Saturday, September 16, 2017

The Founders of Games Workshop - A Short History

In the early seventies, Ian Livingstone and Steve Jackson decided to start a business around their favorite hobby - gaming. They were both friends since meeting in grammar school and enjoyed playing strategy games in their shared flat in London. They named their company Games Workshop and started by manufacturing and retailing fantasy games and models. Livingstone, who had graduated from Manchester University in business, worked for an oil company in London. He spent all his free time running the game business out of their London flat. 

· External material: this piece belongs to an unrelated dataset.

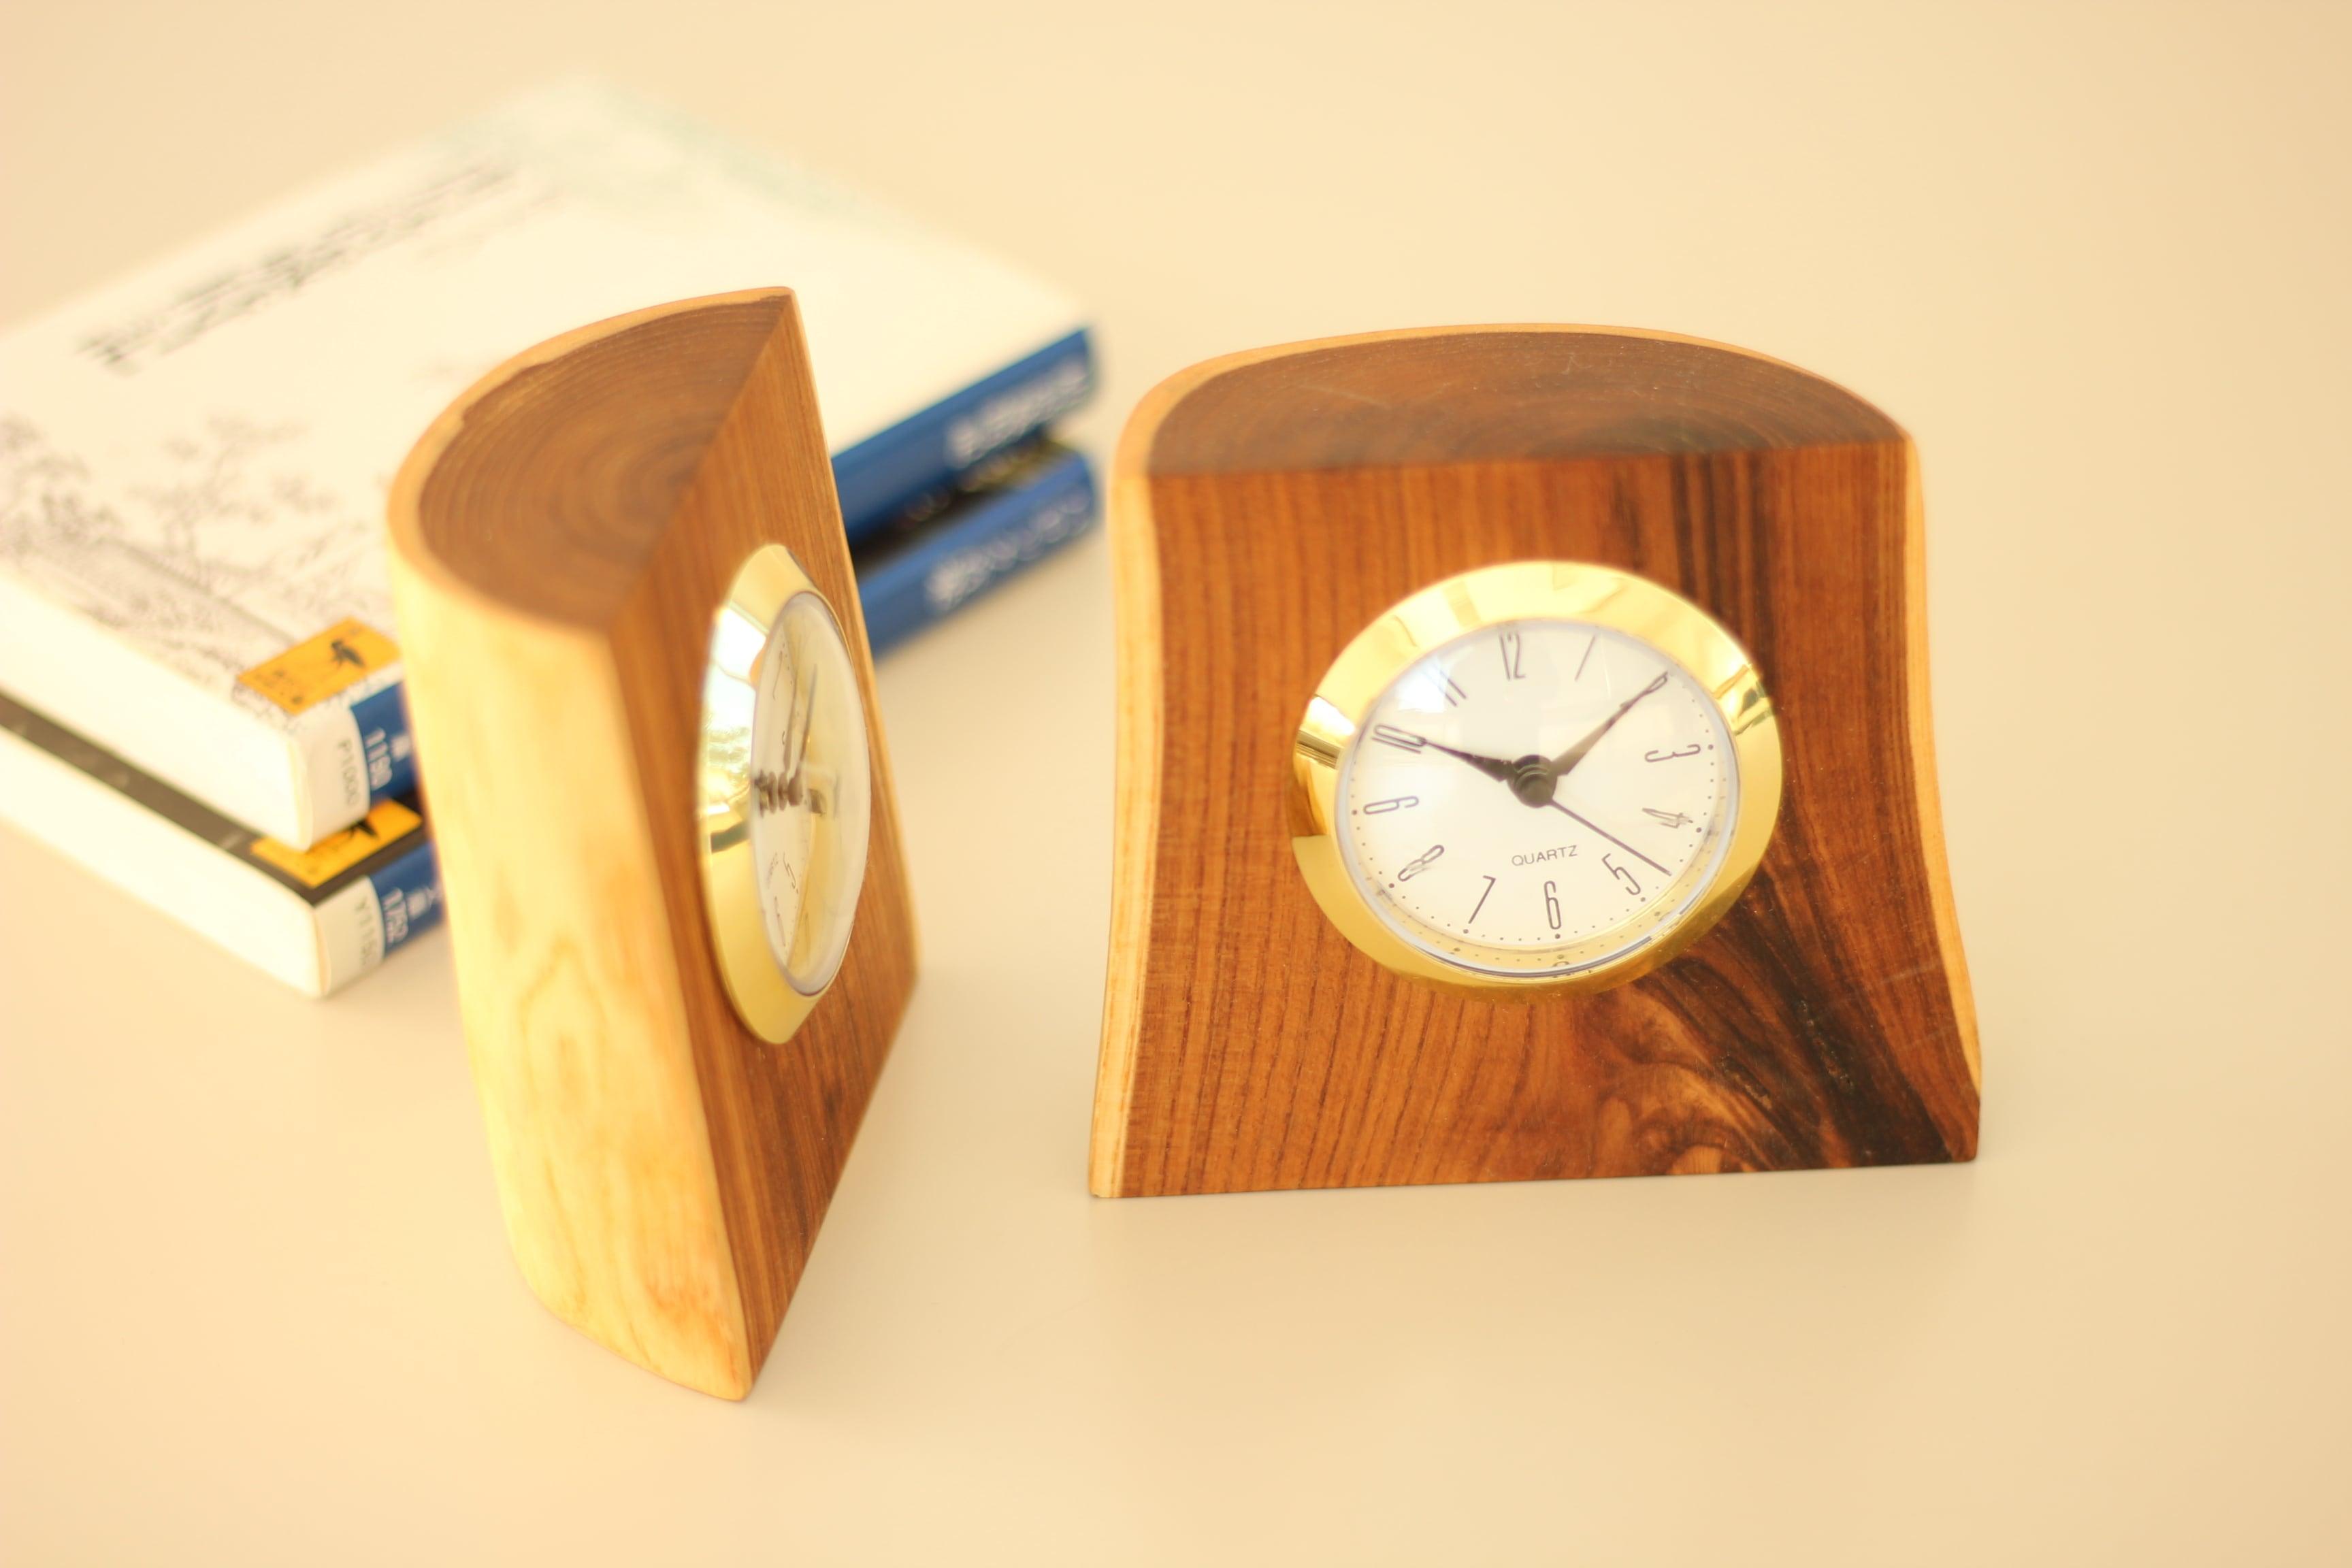 天然木・エンジュ『樹になる時計』(クオーツ式置時計)《延壽》

Livingstone and Jackson started a newsletter named Owl and Weasel, which they distributed to others they knew in the gaming hobby. This caught the attention of Gary Gygax, the American creator of Dungeons and Dragons. He needed a European distributor for his role-playing game, and contacted Livingstone and Jackson. Gygax gave Games Workshop a three-year exclusive distribution deal for Dungeons and Dragons. He had no idea the only access the two had to a telephone was outside the hall of their flat, and that the two had no office and no staff.

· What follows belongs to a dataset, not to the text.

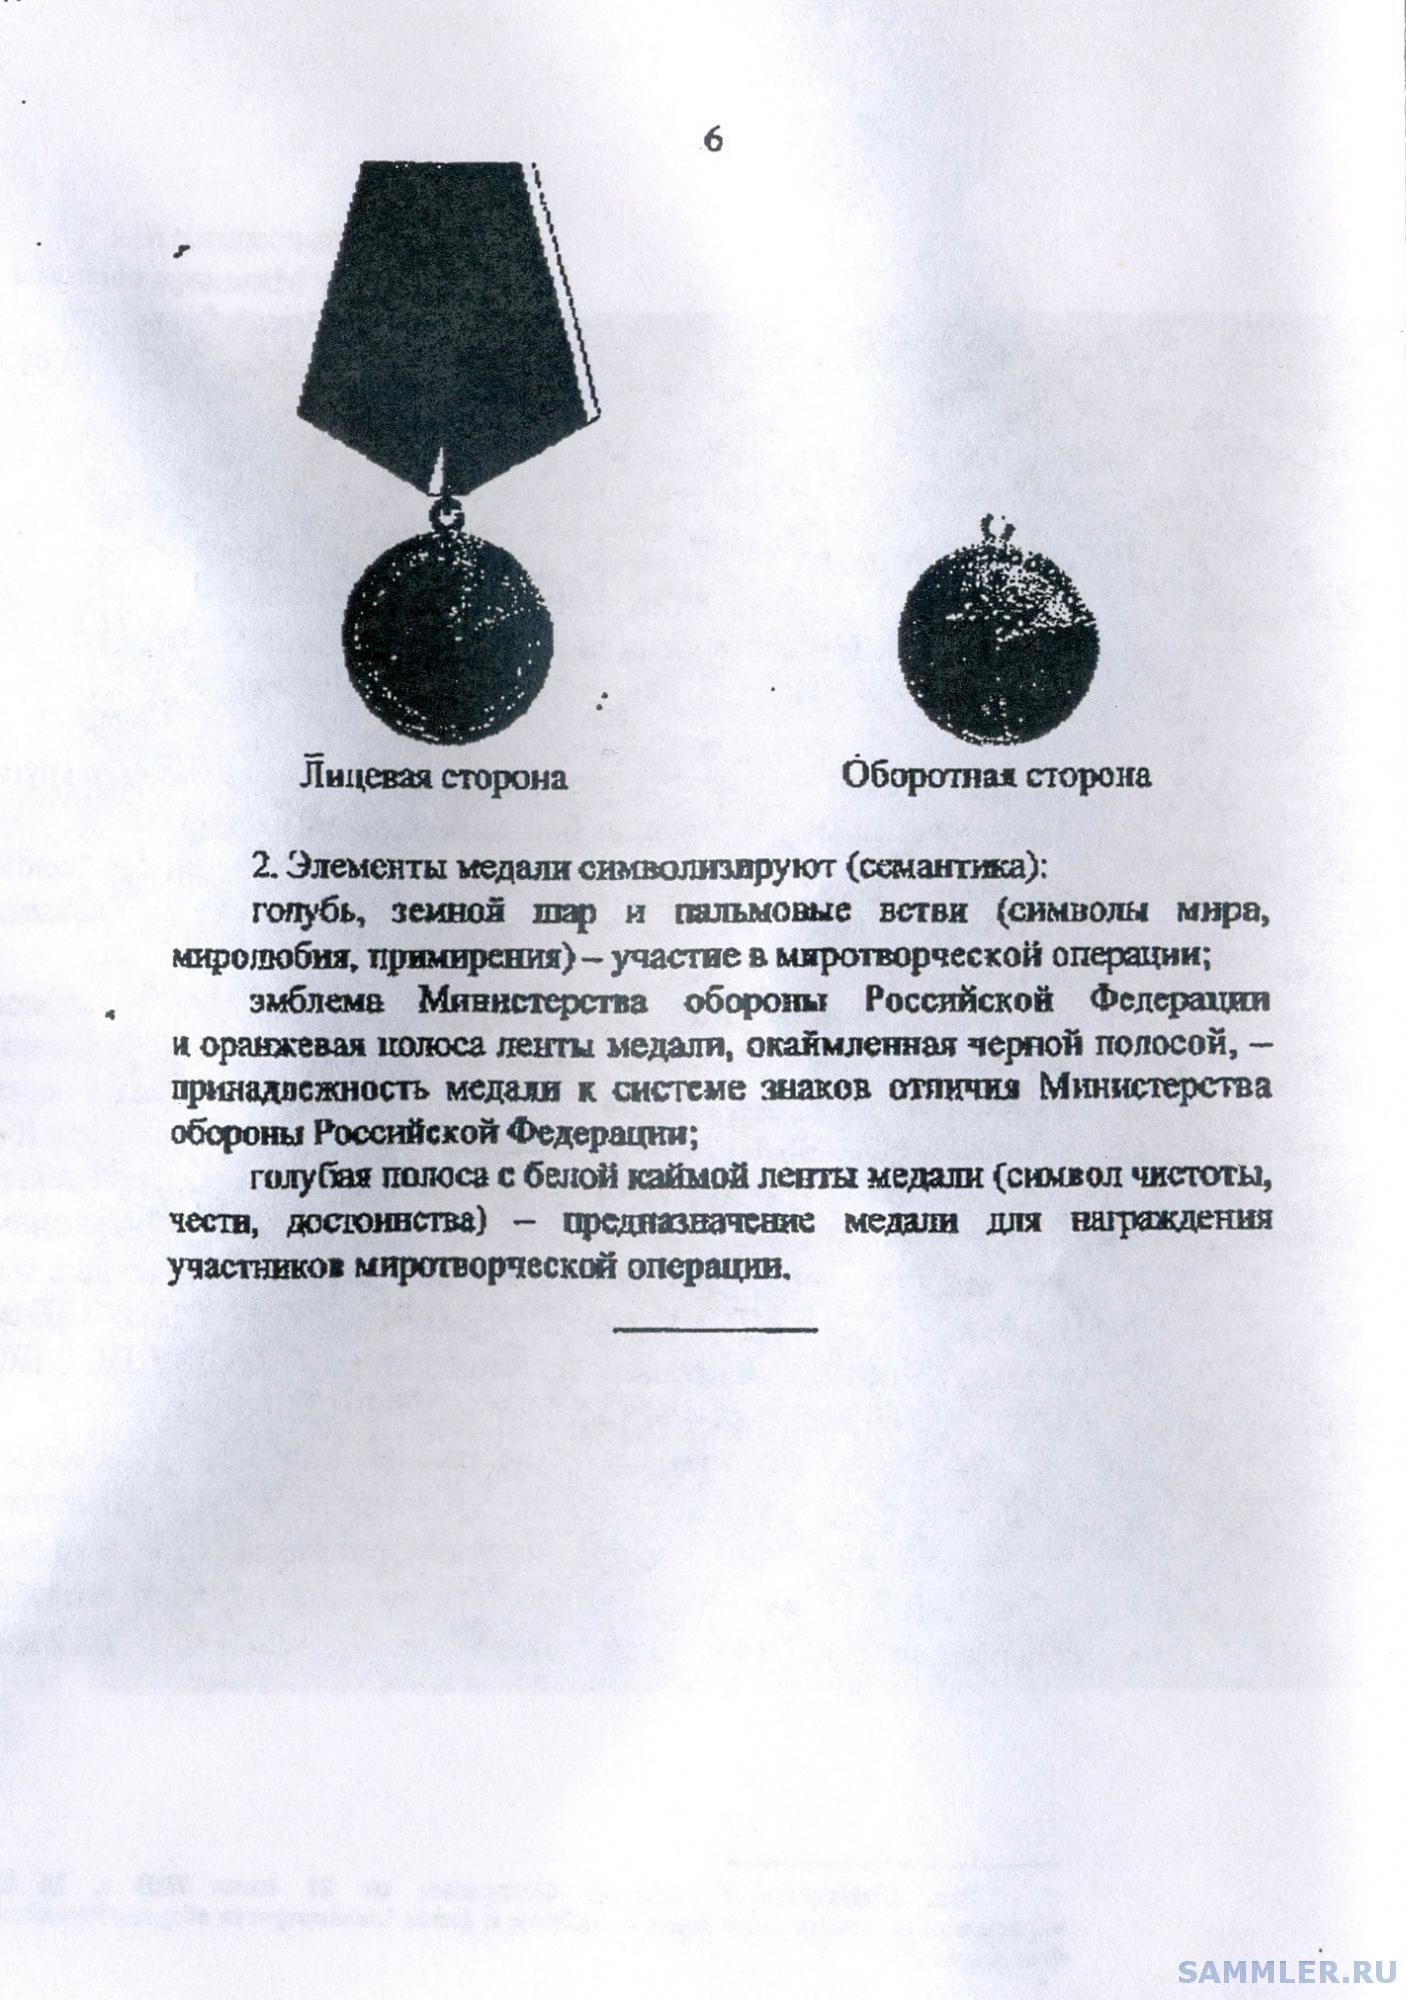 МО №645-6.jpg

Steve Jackson (left) and Ian Livingstone in the 1980s
Quitting their day jobs, Livingstone and Jackson devoted all their time to running Games Workshop and distributing Owl and Weasel, now a full-fledged magazine. They left their flat, rented an office, lived in a van, and used the toilets and showers at a squash club that they joined. After Game Workshop opened its first retail store in 1977 to a waiting crowd of 200, Livingstone said, “I think we’ve got something.”1 As wargaming and role-playing become more popular, Games Workshop became more profitable opened more retail stores in Britain.
 
Up to this point, Games Workshop had sold mostly games from other companies in its retail stores. In 1981, a Games Workshop employee named Rick Priestly combined role-playing, miniatures wargaming, and miniatures collecting to create Warhammer Fantasy Battle. That same year, Games Workshop acquired Citadel Miniatures, a manufacturer of lead miniatures for role-playing and other games. Citadel Miniatures started producing miniatures for the Warhammer game. Owl and Weasel became White Dwarf magazine, and in it the company began promoting Warhammer.

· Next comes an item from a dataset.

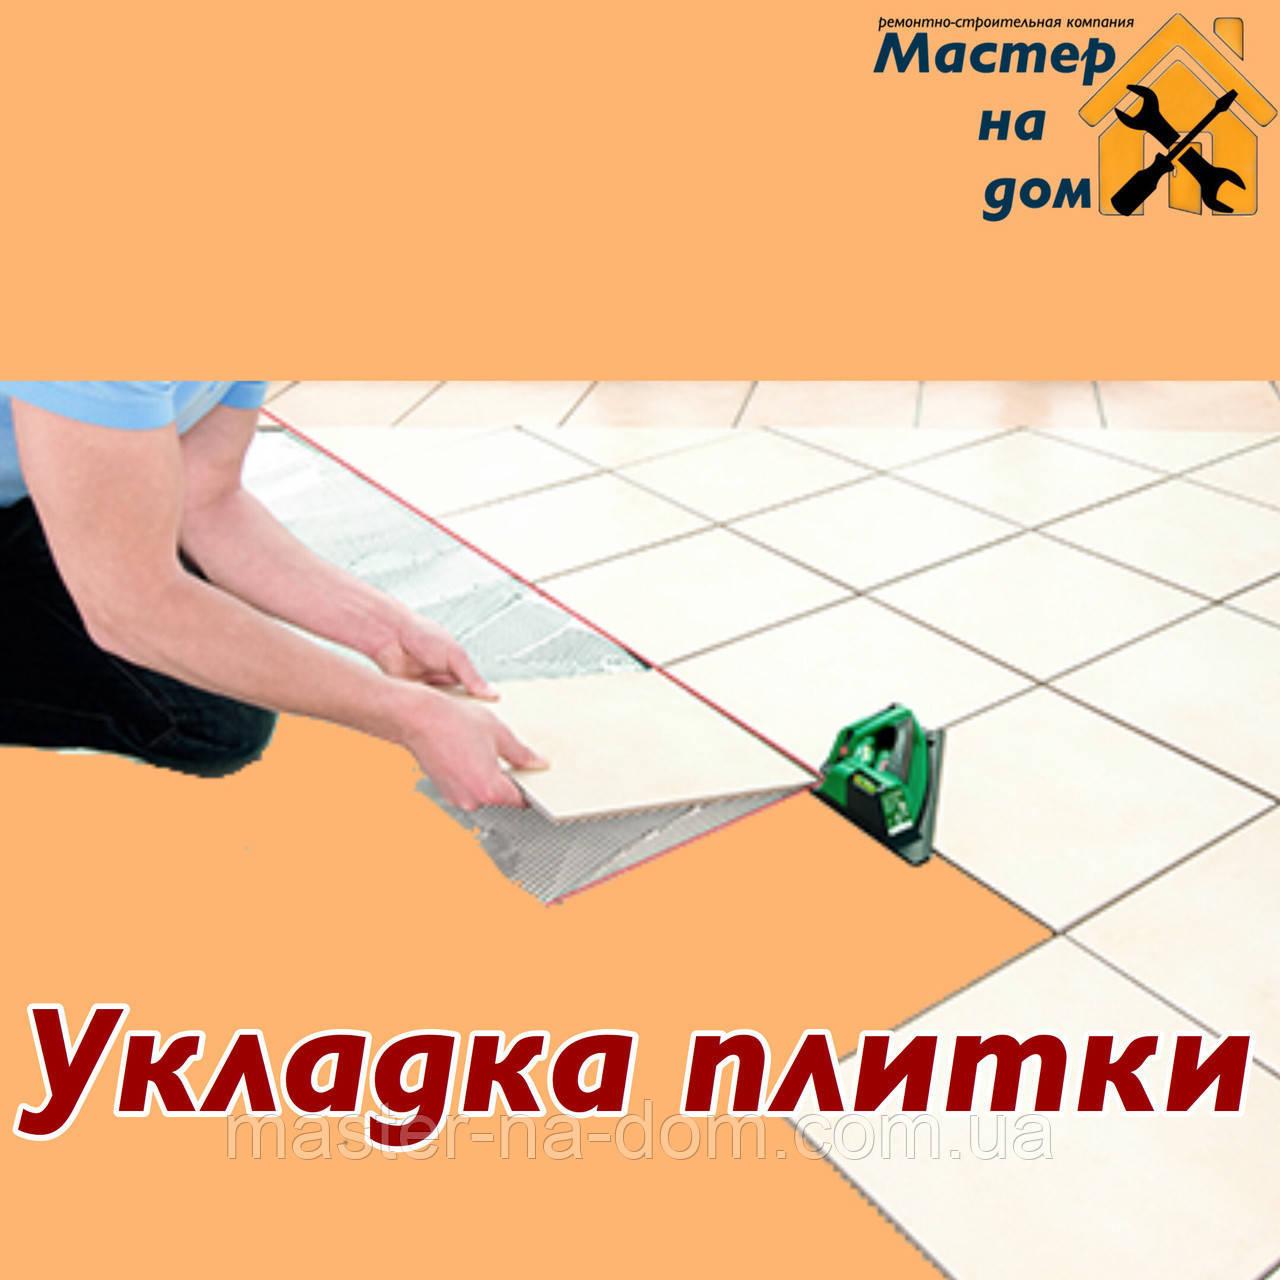 Укладання плитки в Тернополі + виїзд фахівця на об'єкт

Games Workshop started producing other games; (many based off the same Tolkien mythology used in Warhammer). Due to the popularity of its own games, Games Workshop concentrated solely on promoting and selling only its own games. Livingstone and Jackson left Games Workshop in 1991, but Games Workshop continues to keep many gaming enthusiasts on its management staff.


Sources:
1. H. Kunzru, “Not Connected: Not Playing When He Plays Wired World: The Dungeon Master Hari Kunzru Meets Ian Livingstone.” The Daily Telegraph, December 8, 1997.
2. M. McGrath, “A Visit To The Fantasy World Of Ian Livingstone.” Independent, June 6, 1998.